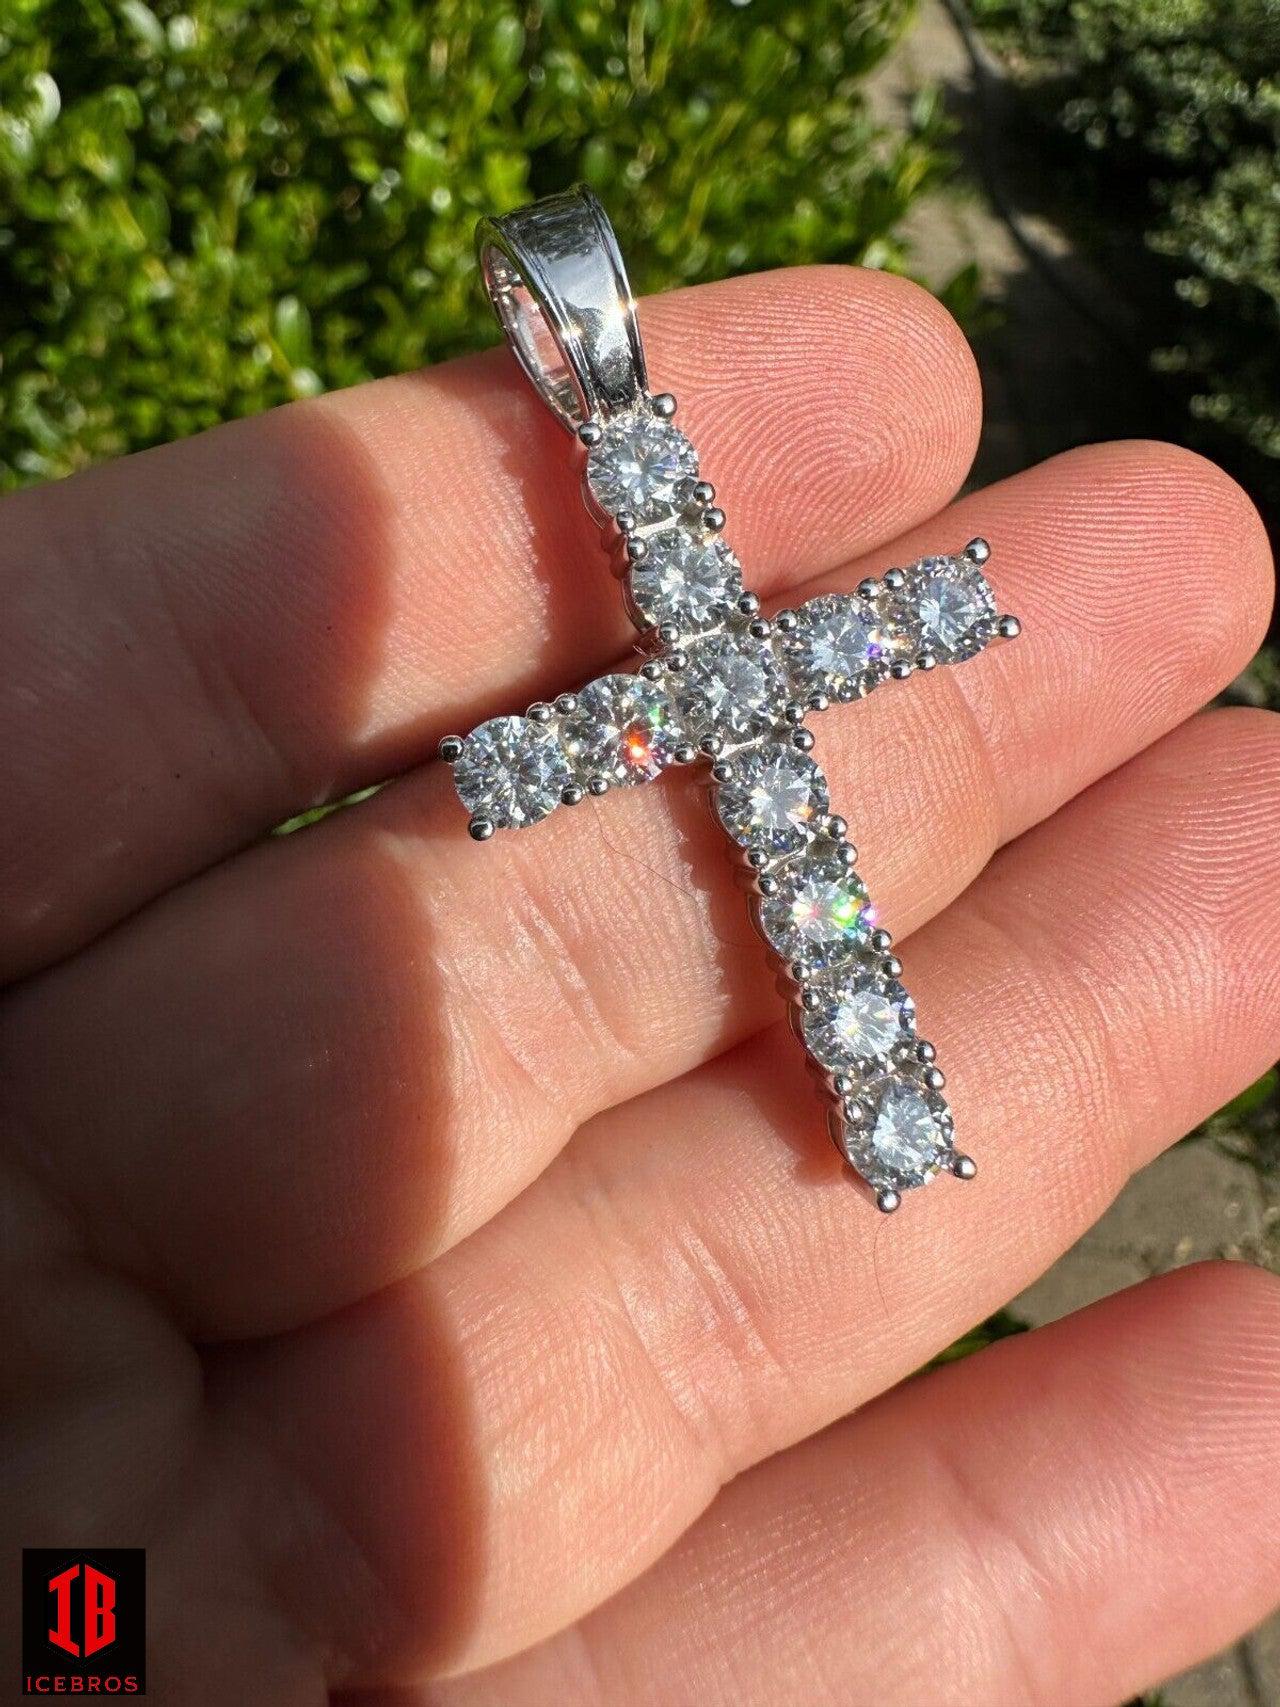 Real MOISSANITE Solid 10k White Gold Iced Tennis Cross Pendant Necklace 5 Sizes
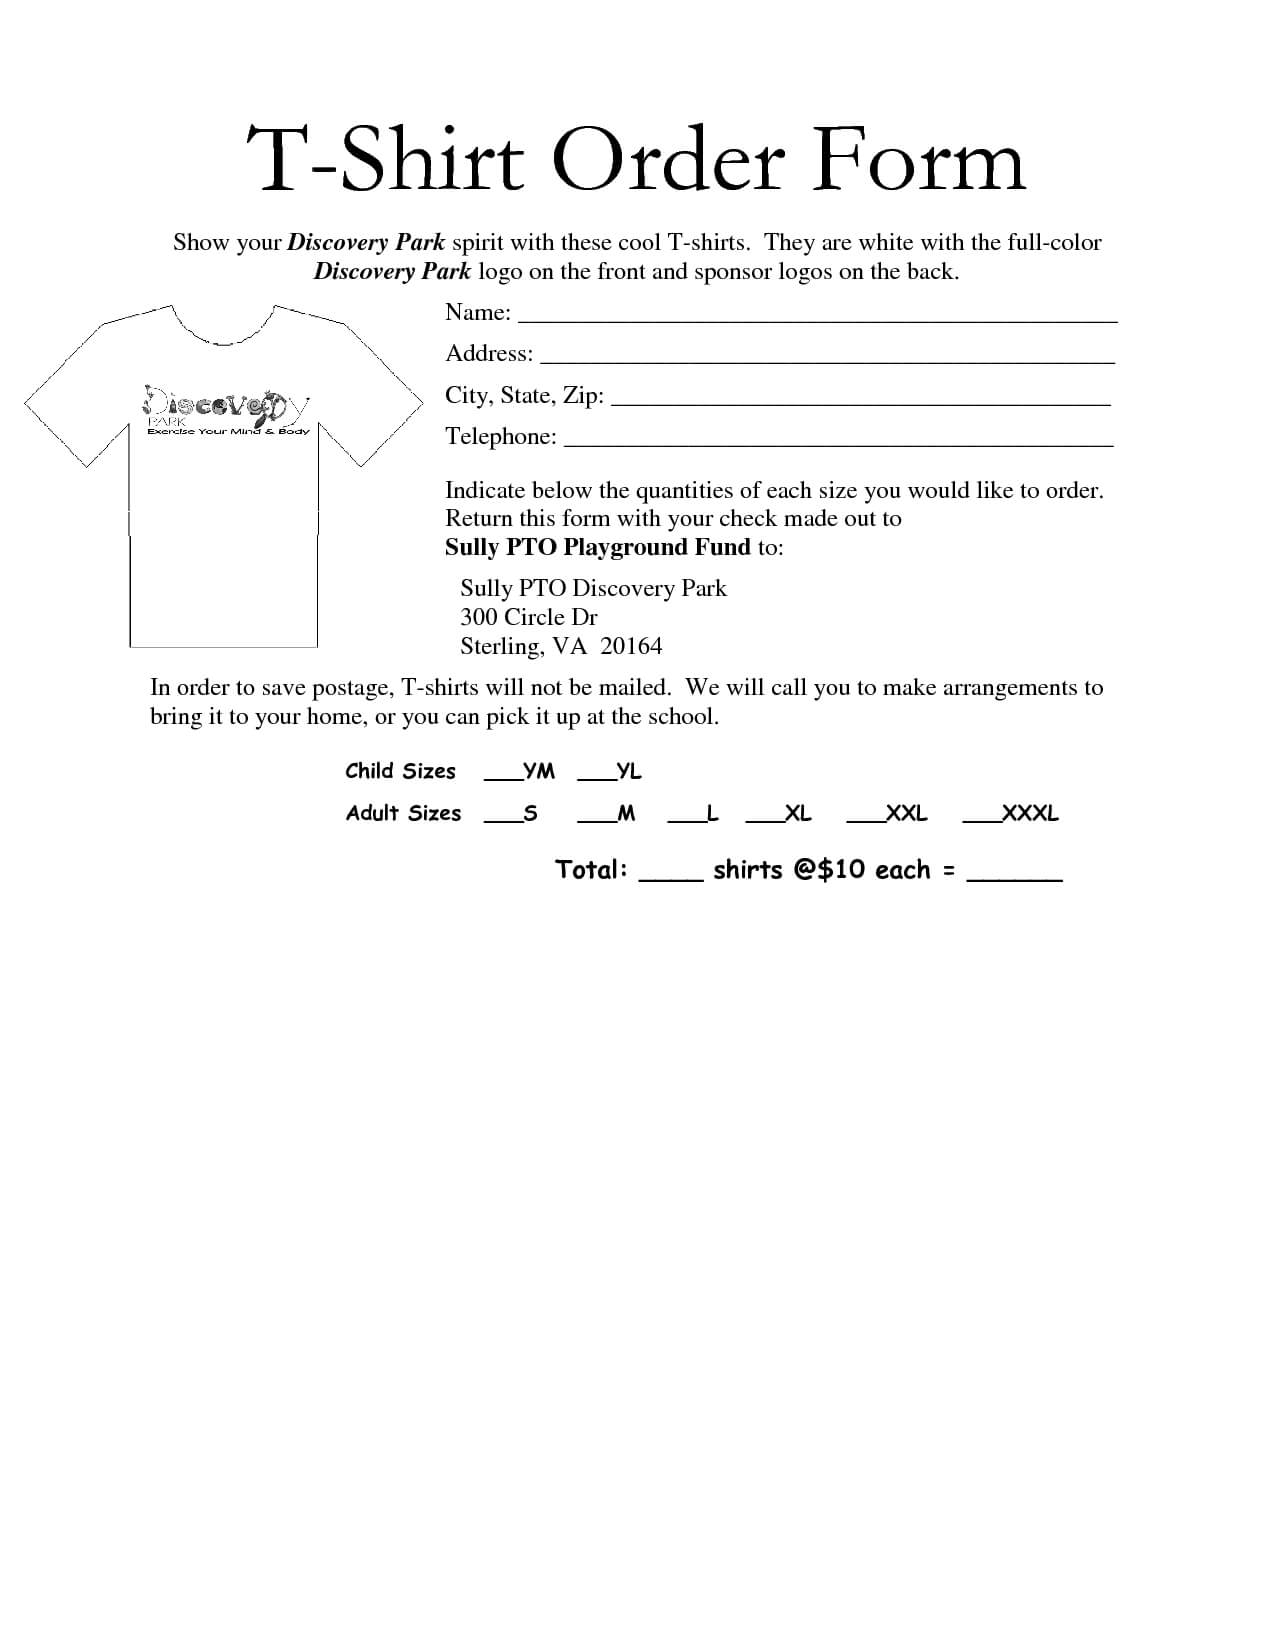 35 Awesome T Shirt Order Form Template Free Images | Order With Regard To Blank T Shirt Order Form Template
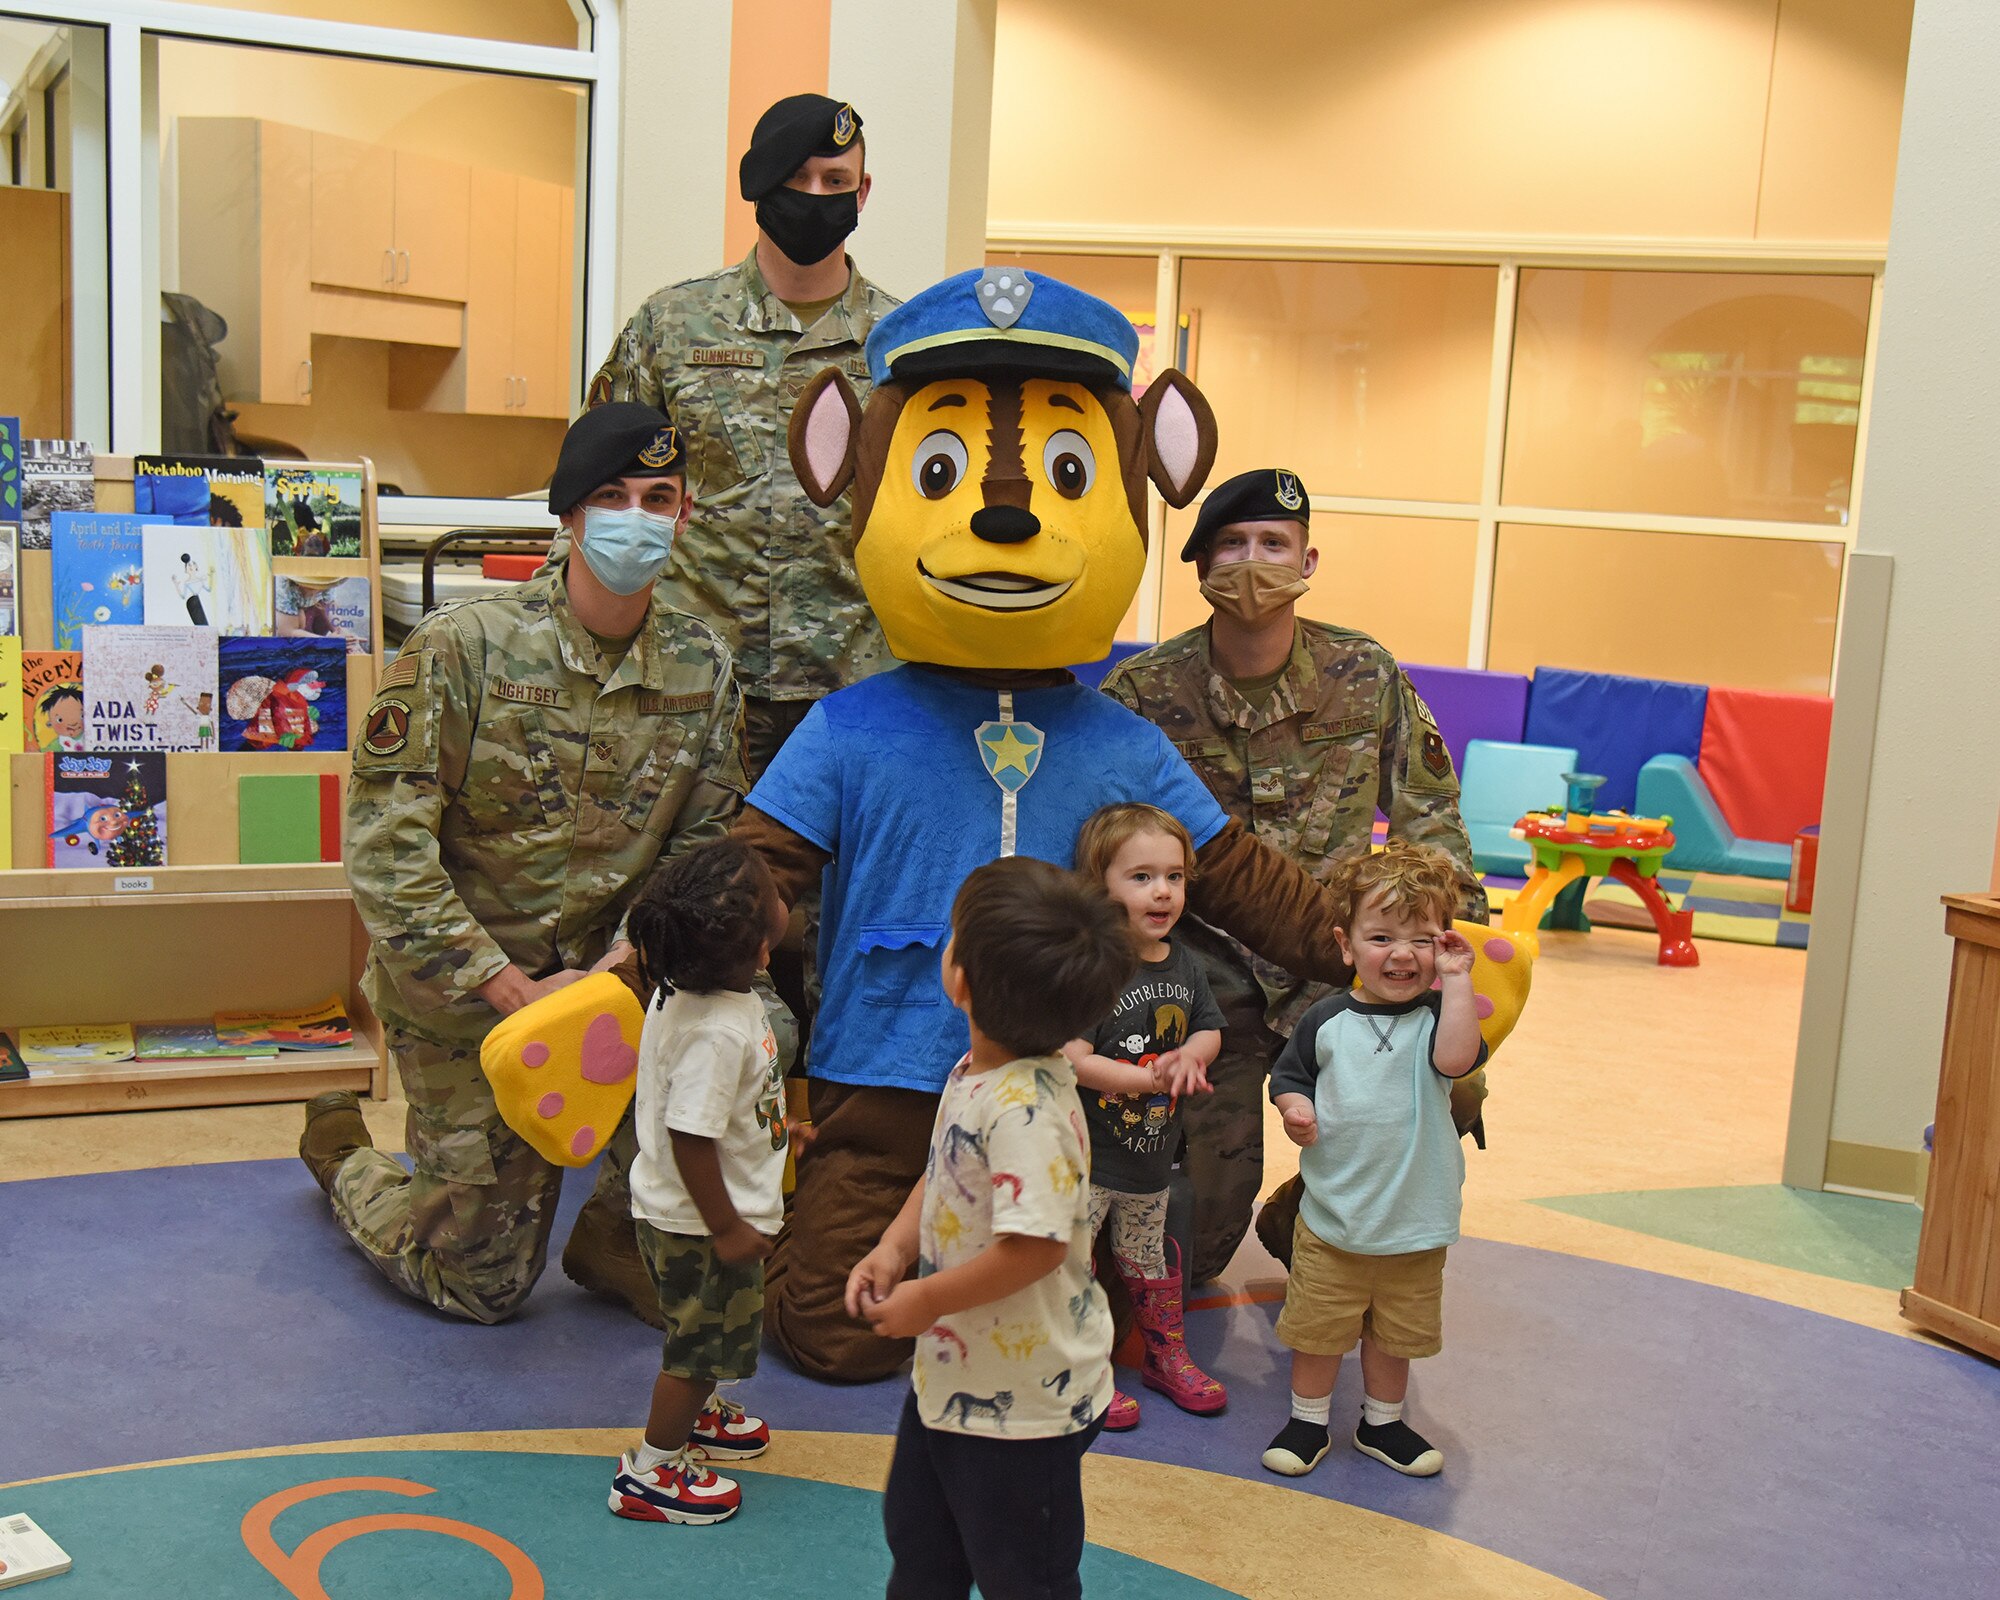 Members of the 14th Security Forces Squadron and their mascot, Chase the dog, pose for a photo with children at the Child Development Center, May 11, 2021, on Columbus Air Force Base, Mississippi. Columbus AFB had several events to show appreciation to the 14th Security Forces Squadron for National Police Week. (U.S. Air Force photo by Elizabeth Owens)

☆ ☆ ☆ ☆

■ **THE PROBLEM**
Copy out all the data above exactly, pictures excluded.

■ **TASK RESULT**
 Real MOISSANITE Solid 10k White Gold Iced Tennis Cross Pendant Necklace 5 Sizes
 35 Awesome T Shirt Order Form Template Free Images | Order With Regard To Blank T Shirt Order Form Template
 Members of the 14th Security Forces Squadron and their mascot, Chase the dog, pose for a photo with children at the Child Development Center, May 11, 2021, on Columbus Air Force Base, Mississippi. Columbus AFB had several events to show appreciation to the 14th Security Forces Squadron for National Police Week. (U.S. Air Force photo by Elizabeth Owens)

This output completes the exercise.